Judicial Review and Courts Bill

My Lords, if I may, I shall speak first to my Amendment 20, to create an exception to the ending of Cart JRs in cases where the refusal of permission to appeal the decision of the Upper Tribunal

“is likely to lead to the deportation of the applicant to a country where the applicant is likely to be tortured or subjected to inhuman or degrading treatment”.

In such cases, the Cart JR of that refusal is the last hope that an applicant has. If the refusal of permission is wrong in law, I argue that in such a case the decision to refuse permission should not be exempt from review.

These cases are not academic; the injustices are very serious. In the case of G and H against the Upper Tribunal and the Home Secretary in 2016, reported in EWHC 239, Mr Justice Walker considered the case of a Nigerian woman, G, who was a victim of FGM and sex trafficking, who also had a child, H.

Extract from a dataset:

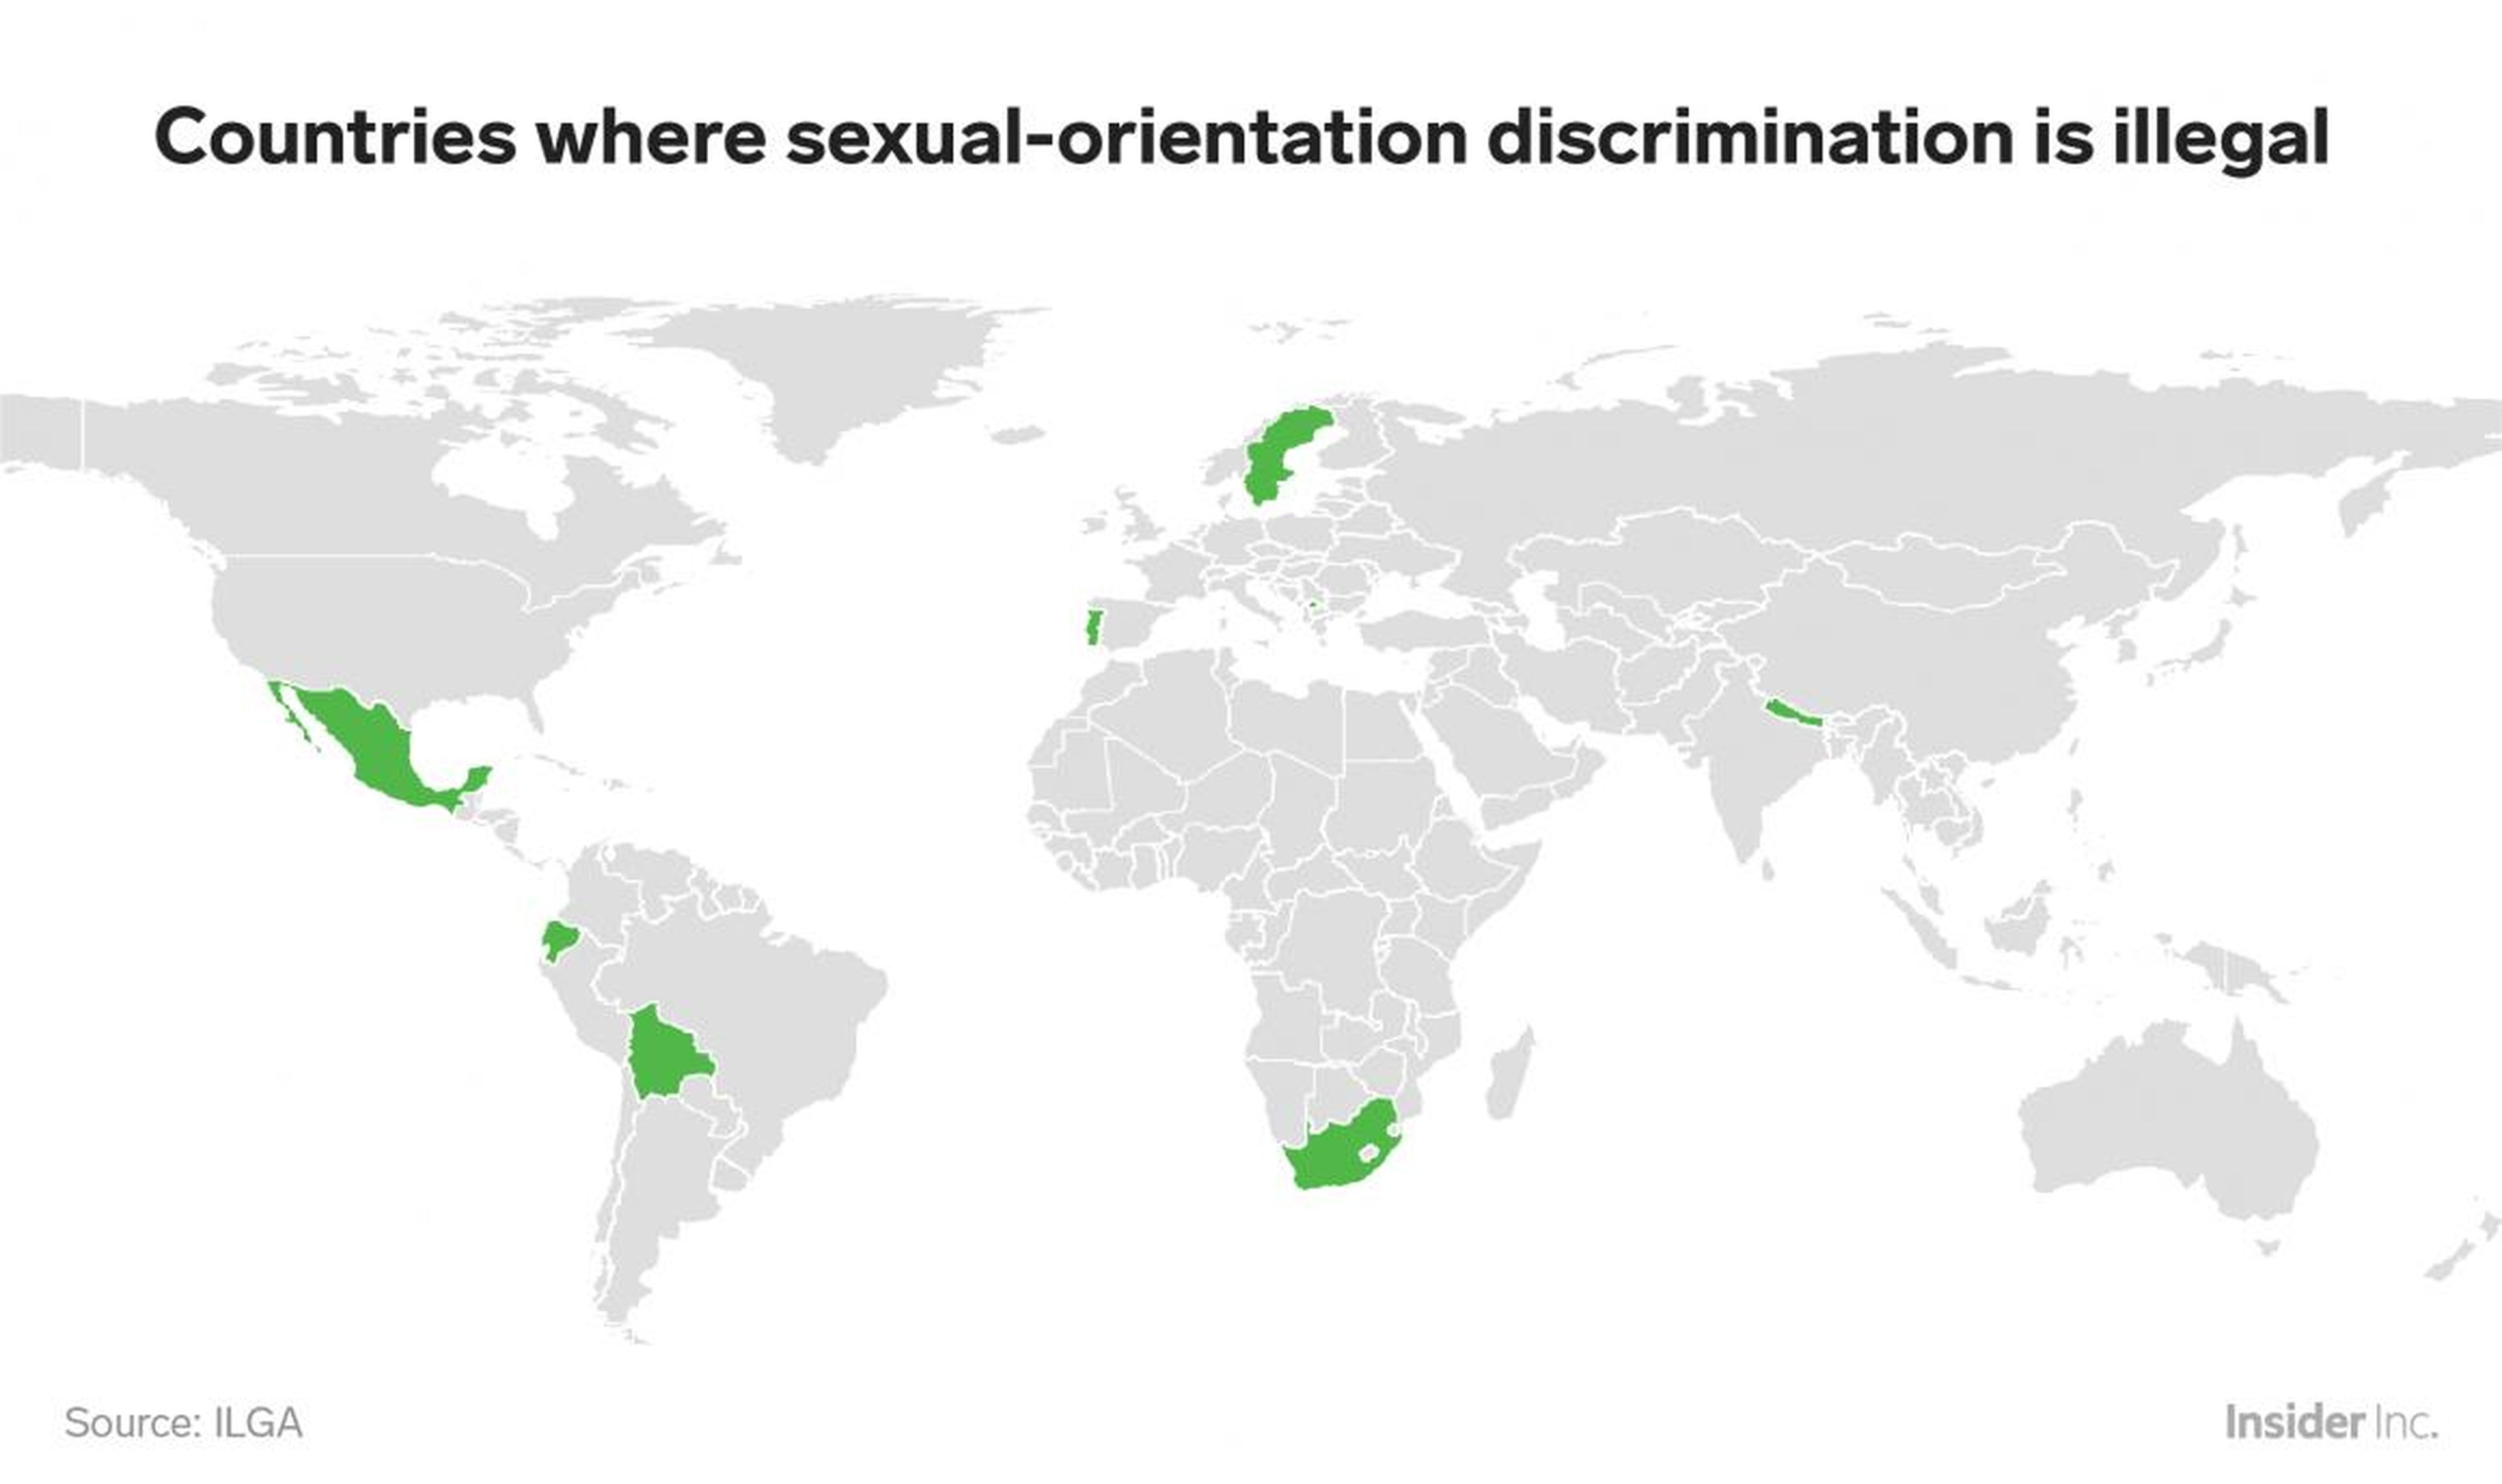 Solo el 5% de los Estados miembros de la ONU han escrito en sus constituciones que no se permite la discriminación basada en la orientación sexual.

The Home Secretary’s decision to deport G and H was appealed to the First-tier Tribunal. It was common ground that, before coming to the UK, G had been the victim of FGM and sex trafficking. The Upper Tribunal dismissed an application for permission to appeal the FTT’s decision. That decision was challenged on an application for JR and the High Court gave permission for a review and found that the decision refusing permission should be quashed, both on grounds of a failure of procedural fairness in the Upper Tribunal decision and that the Upper Tribunal’s refusal of permission to appeal

“involved a material misunderstanding or misapplication of the law.”

In a Scottish case last year of CM v Secretary of State for the Home Department—2021 Court of Session Inner House Cases 15—the Inner House of the Court of Session, on a judicial review application, overturned a decision of the Upper Tribunal refusing permission to appeal an order of the FTT. In that case, the petitioner was a Venezuelan who came to the UK with his wife and young son in 2017, seeking asylum after his friend had been shot in the face by members of the Venezuelan armed forces while they were protesting together. The petitioner had been a witness to the shooting and the security services who had shot his friend knew he had been a witness and had threatened him with dire consequences if he reported their involvement in the shooting. In overturning the refusal, the Court of Session held that the Upper Tribunal had misapplied the law and misunderstood the effect of the evidence.

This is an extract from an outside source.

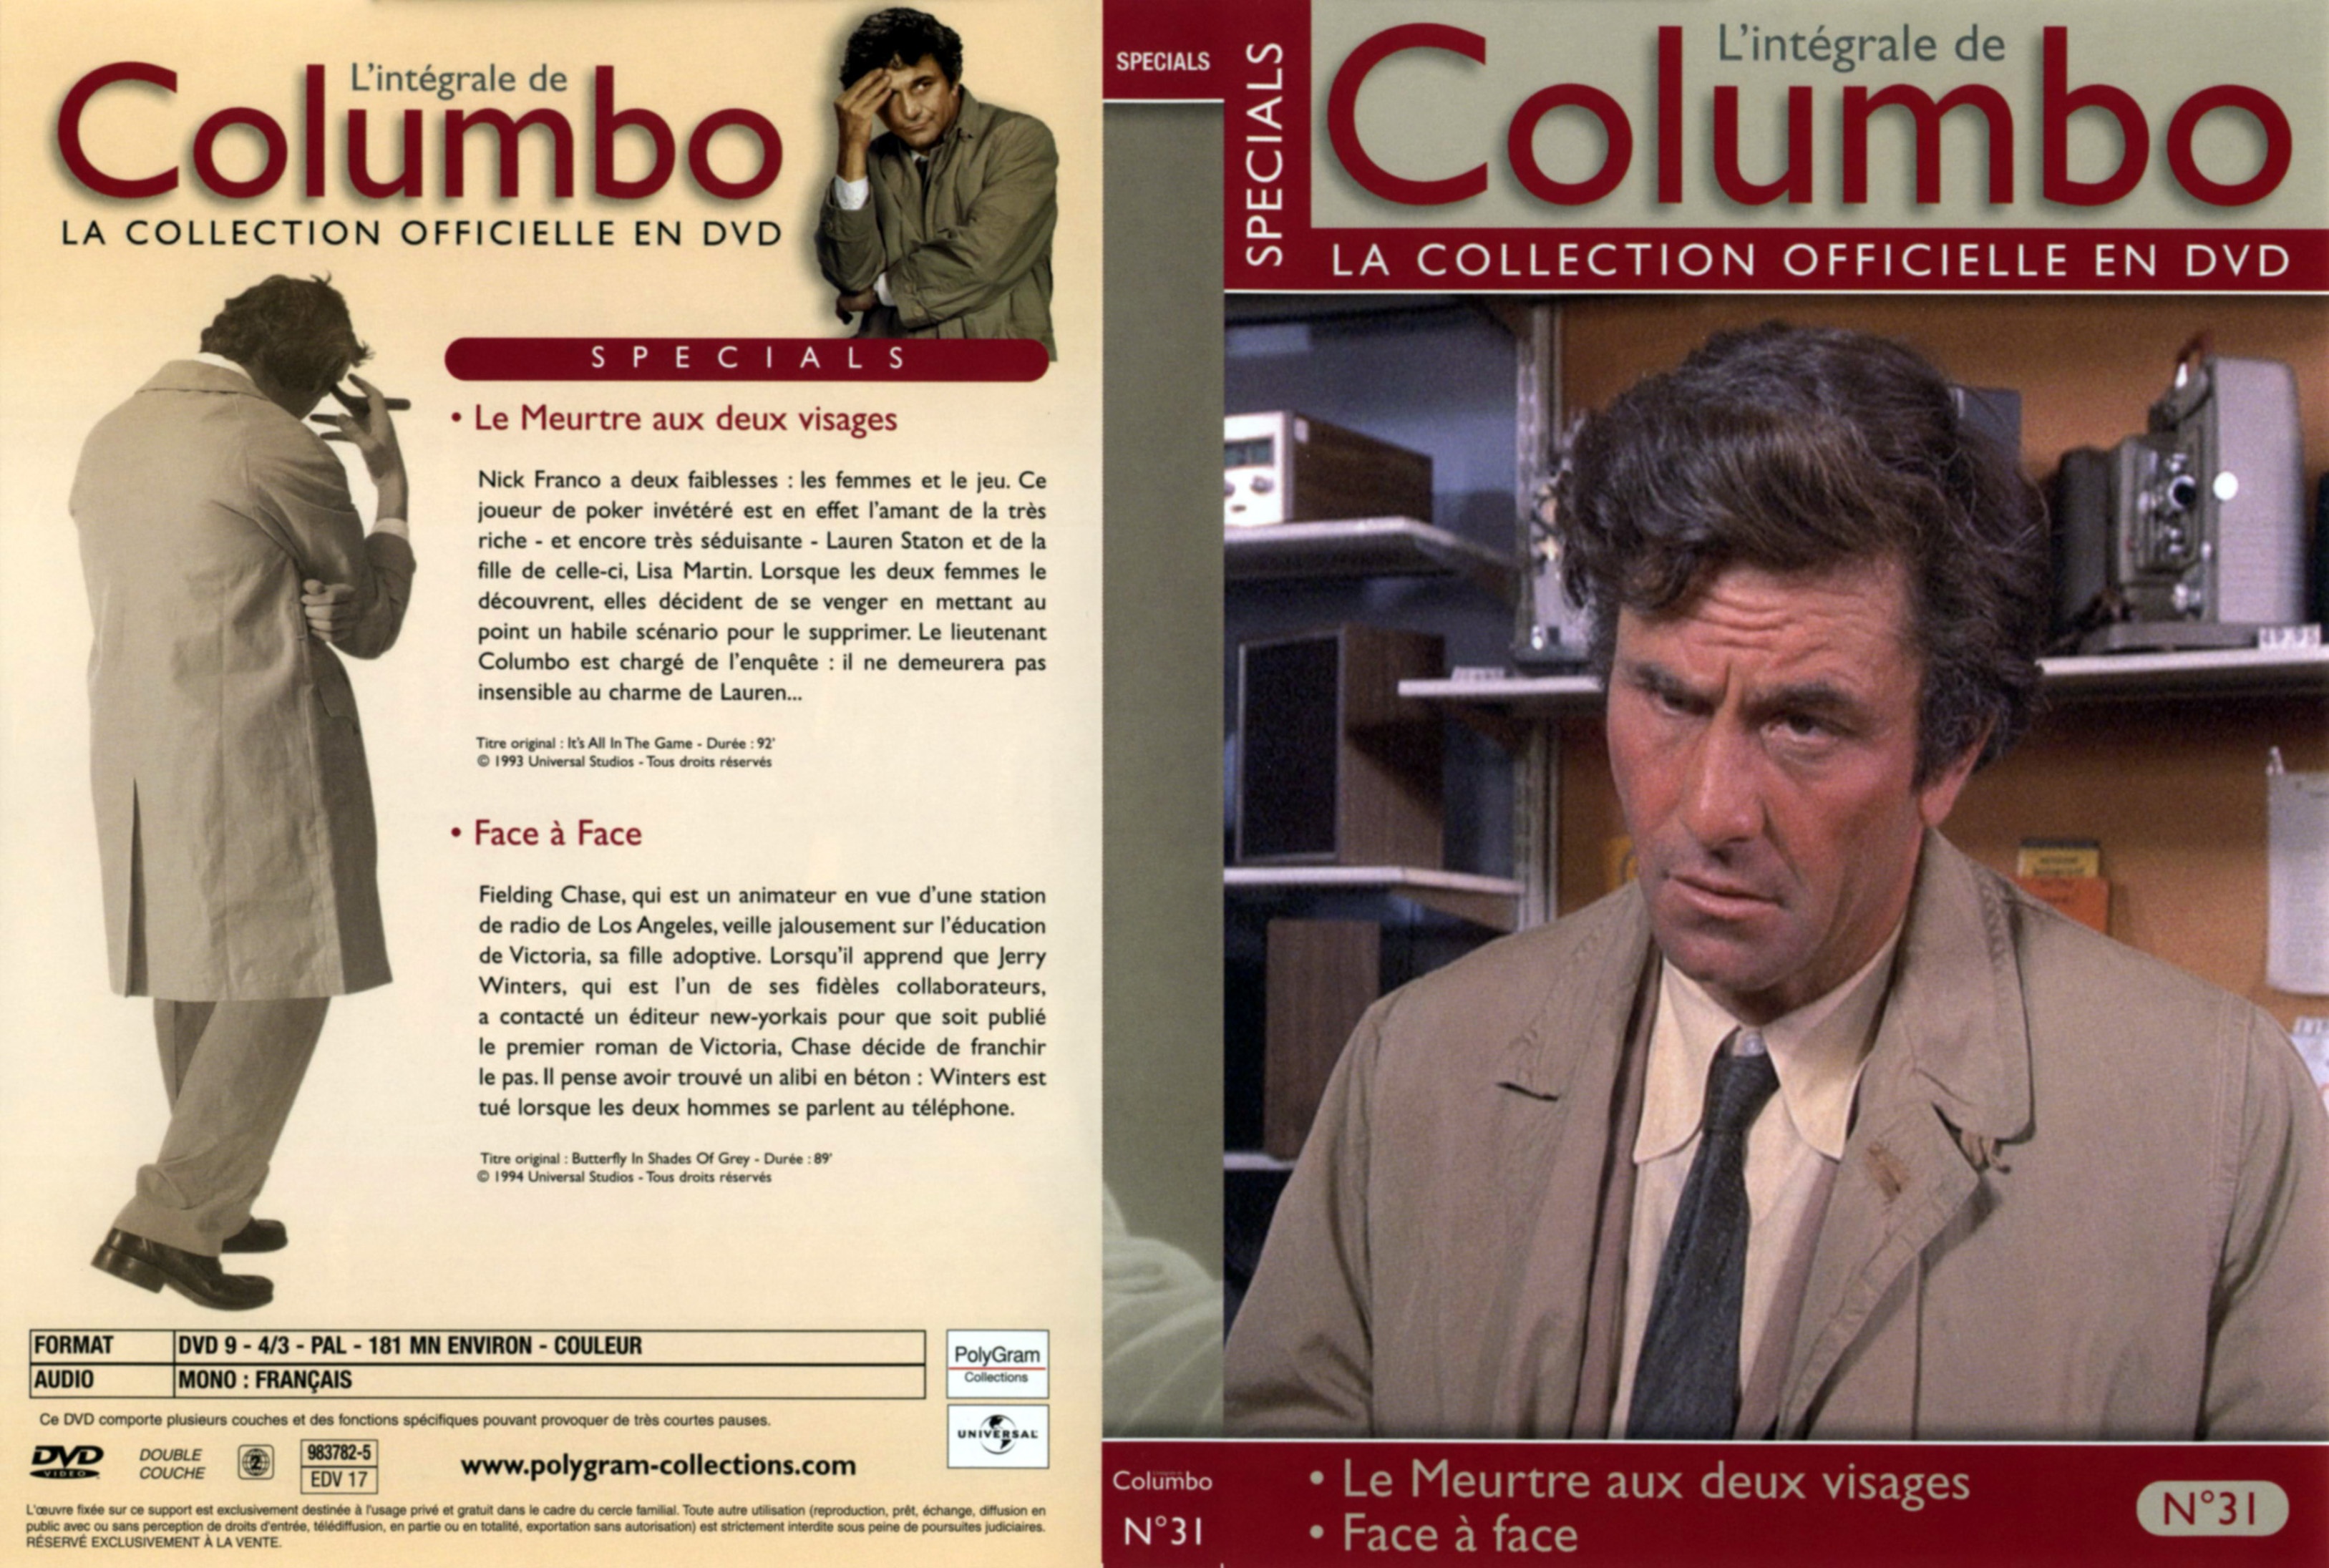 Jaquette DVD Columbo Specials vol 31

We know that the vast majority of Cart JRs—92.4% from 2013 to 2020—involve immigration and asylum cases. We also know that a very high proportion of those involve deportation orders and that those orders are often to countries where the country guidance issued by the UK Visas and Immigration section of the Home Office indicates that there is a very high risk of maltreatment on return, not necessarily by the authorities—although often they may be the source of the danger or condone it—but often by traffickers or criminal elements within the countries concerned.

The Government’s arguments—and those of the noble Lord, Lord Faulks, and his committee—in favour of Clause 2 rest largely, first, on the high resources in money and judicial time said to be consumed by Cart

JRs and, secondly, on their apparent low success rate. The noble and learned Lords, Lord Falconer and Lord Etherton, have answered conclusively both the points relating to money and judicial time.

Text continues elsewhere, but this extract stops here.